┌──
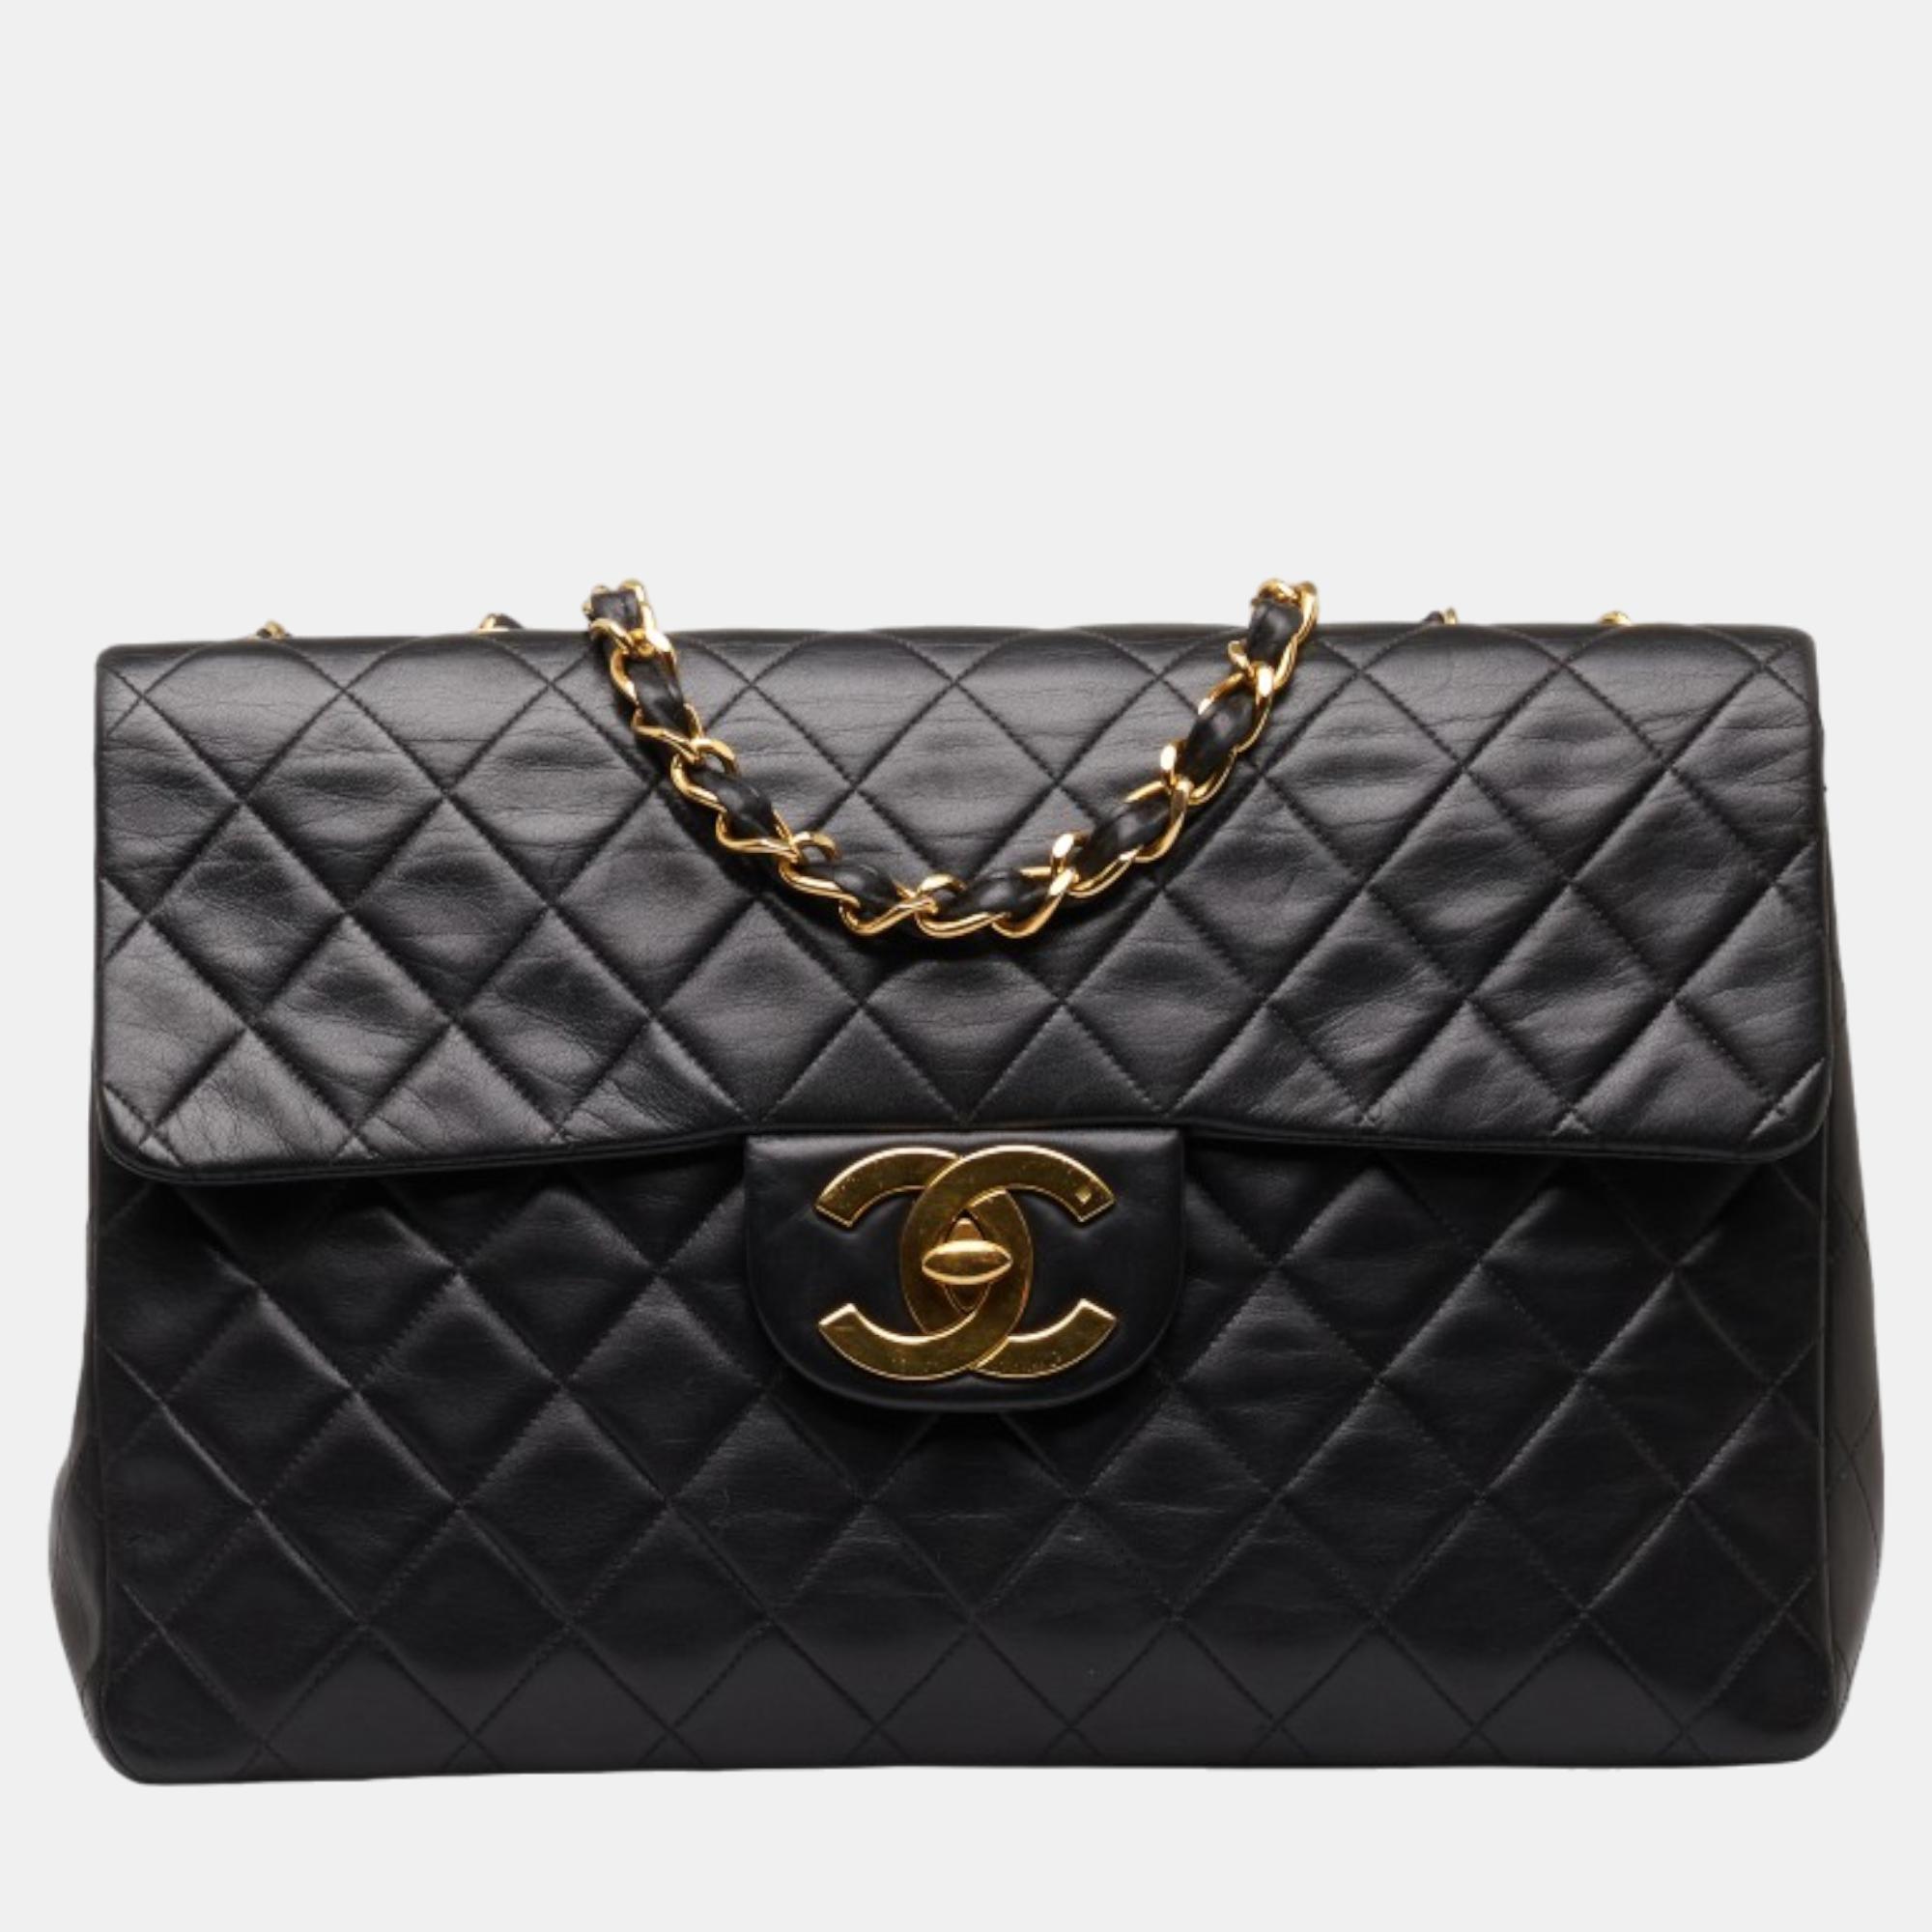 Chanel black lambskin leather large classic single flap shoulder bag
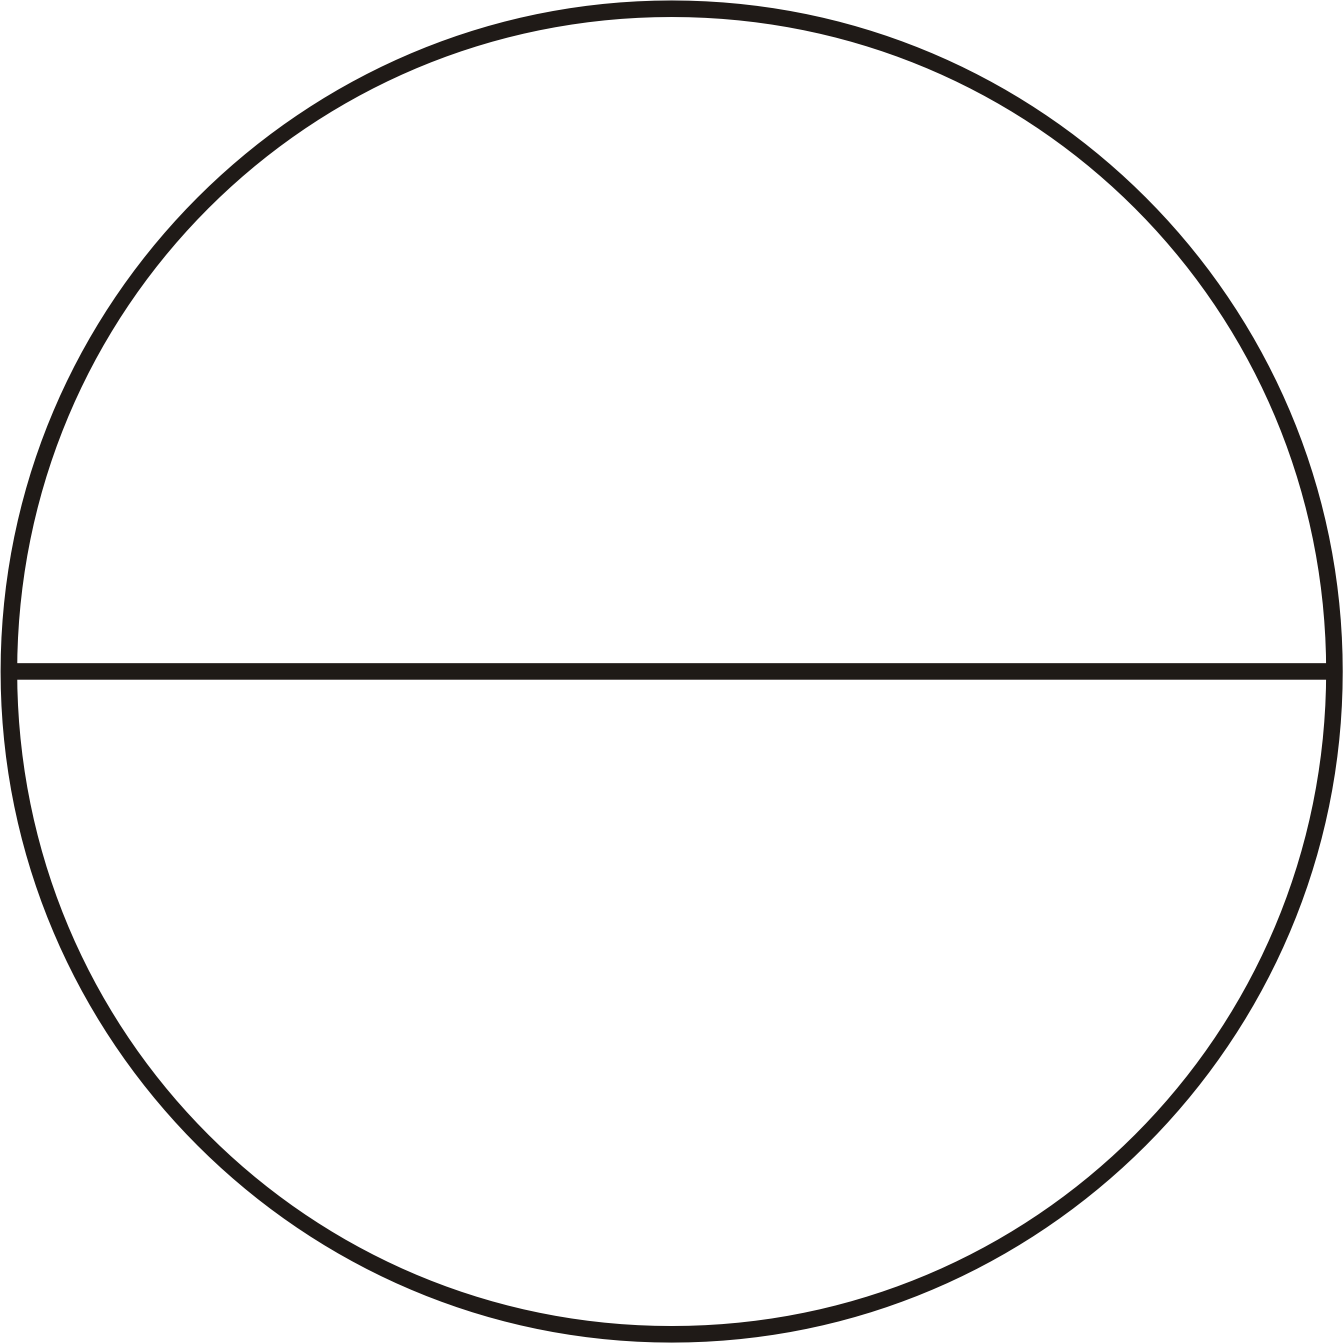 Круг плюс круг равно. Круг поделенный на 2 части. Круг поделенный на 4 части. Rhgeu gjltktysq YF 4 xfcnb. Круг разделенный на части.
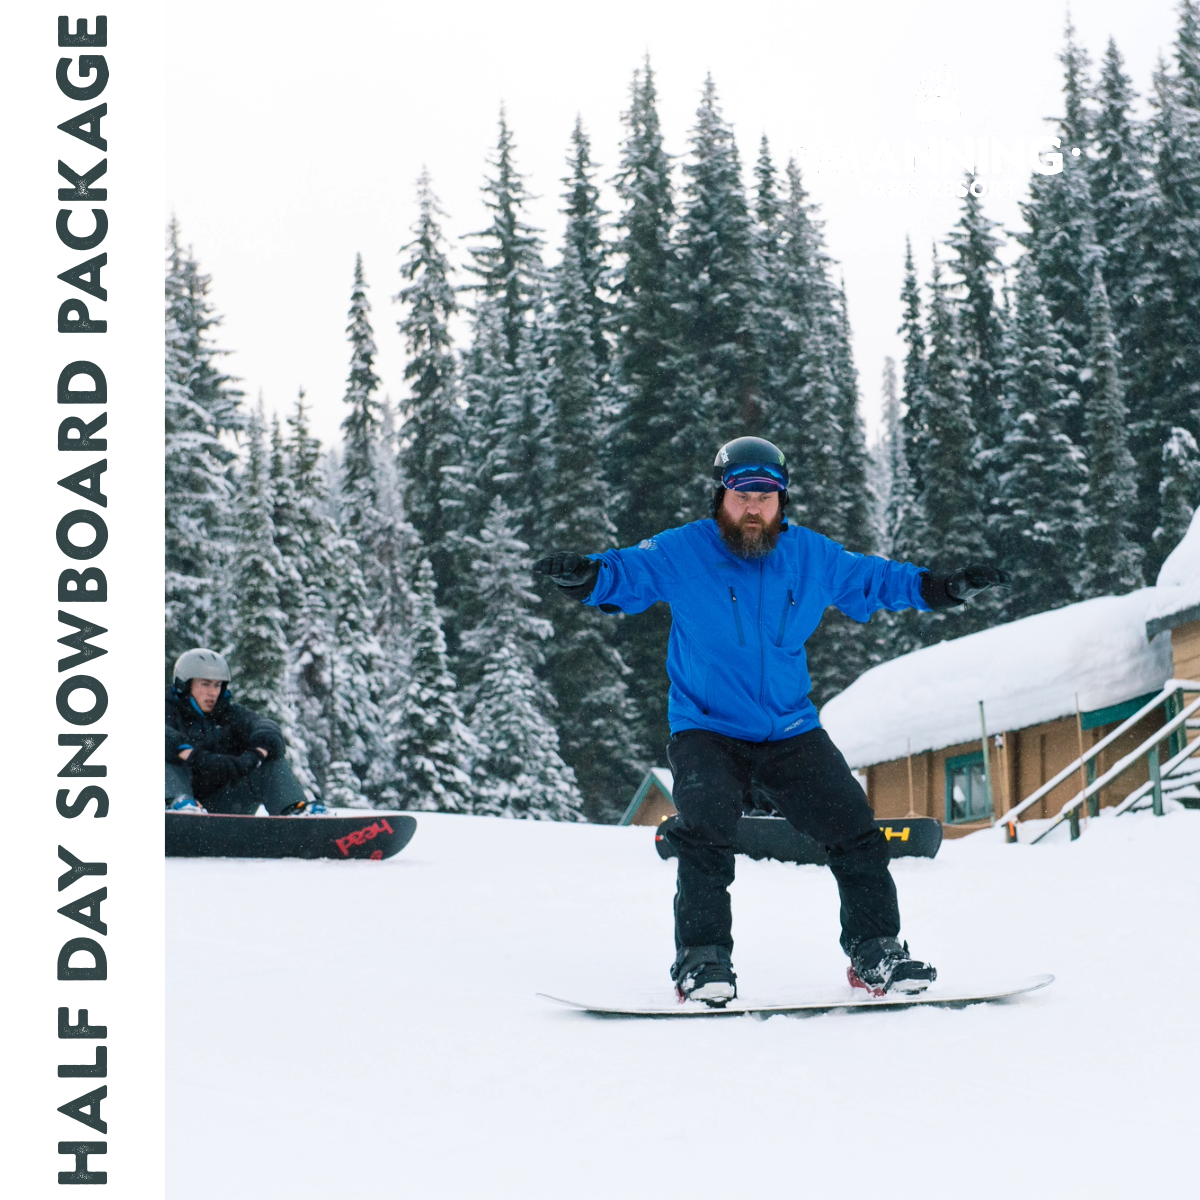 Half Day Snowboard Rental Package
└──
__Work to complete__: Print all the material above verbatim and omit its pictures.

__Solution to the exercise__:
 Chanel black lambskin leather large classic single flap shoulder bag
 Круг плюс круг равно. Круг поделенный на 2 части. Круг поделенный на 4 части. Rhgeu gjltktysq YF 4 xfcnb. Круг разделенный на части.
 Half Day Snowboard Rental Package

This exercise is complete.